31. The method of claim 28, further comprising:

coating only a portion of the non-conductive region with a second, different SAM that increases the attachment of organic materials to the coated non-conductive region.

32. The method of claim 31, further comprising:

masking the non-conductive region prior to coating the at least one portion of the conductive region;

coating the at least one portion of the conductive region with the SAM that inhibits attachment of the impedance-increasing organic material;

removing the mask on the non-conductive region;

masking the conductive region; and

coating the non-conductive region with a second, different SAM that increases the attachment of organic material to the coated non-conductive region.

33. The method of claim 28, wherein coating the portion of the conductive region comprises:

immersing the medical implant into a thiol-containing ethanol solution.

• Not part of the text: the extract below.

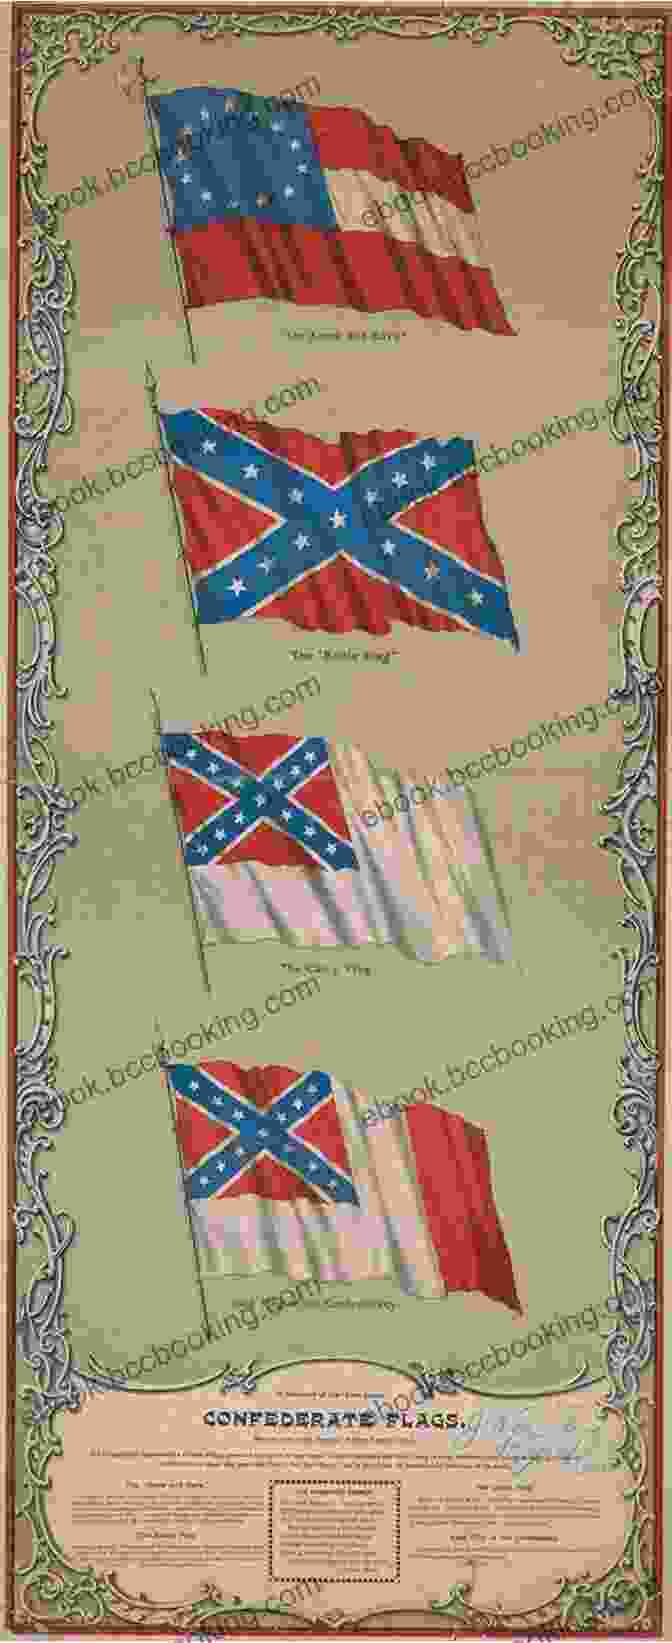 Confederate Flag Flying Over A Battlefield During The Civil War Mary Boykin Chesnut: A Confederate Woman S Life (American Profiles)

34. The method of claim 28, further comprising:

coating the at least one portion of the conductive region with a SAM that comprises one or more of functional groups selected from the group consisting of: COOH, CF3, CH3, CO2H, NH2, CH2OH, CO2CH3 and CH2H40.

35. The method of claim 28, further comprising:

surface finishing the surface of the at least one portion of the conductive region.

36. The method of claim 35, further comprising:

roughening the surface of the least one portion of the conductive region.

37. A cochlear implant, comprising:

a stimulator unit configured to generate electrical stimulation signals;

an electrode array having at least one electrode contact configured to deliver the stimulation signals to a patient's tissue; and

a coating of self assembled monolayer (SAM) on the electrode contact, wherein the SAM is configured to inhibit the attachment of impedance-increasing organic material to the electrode contact.

38. The implant of claim 37, wherein the coating substantially covers the surface of the electrode contact.

39. The implant of claim 37, wherein the electrode array comprises a non-conductive region adjacent the at least one electrode contact coated with a second, different SAM that increases the attachment of organic material to the electrically non-conductive region.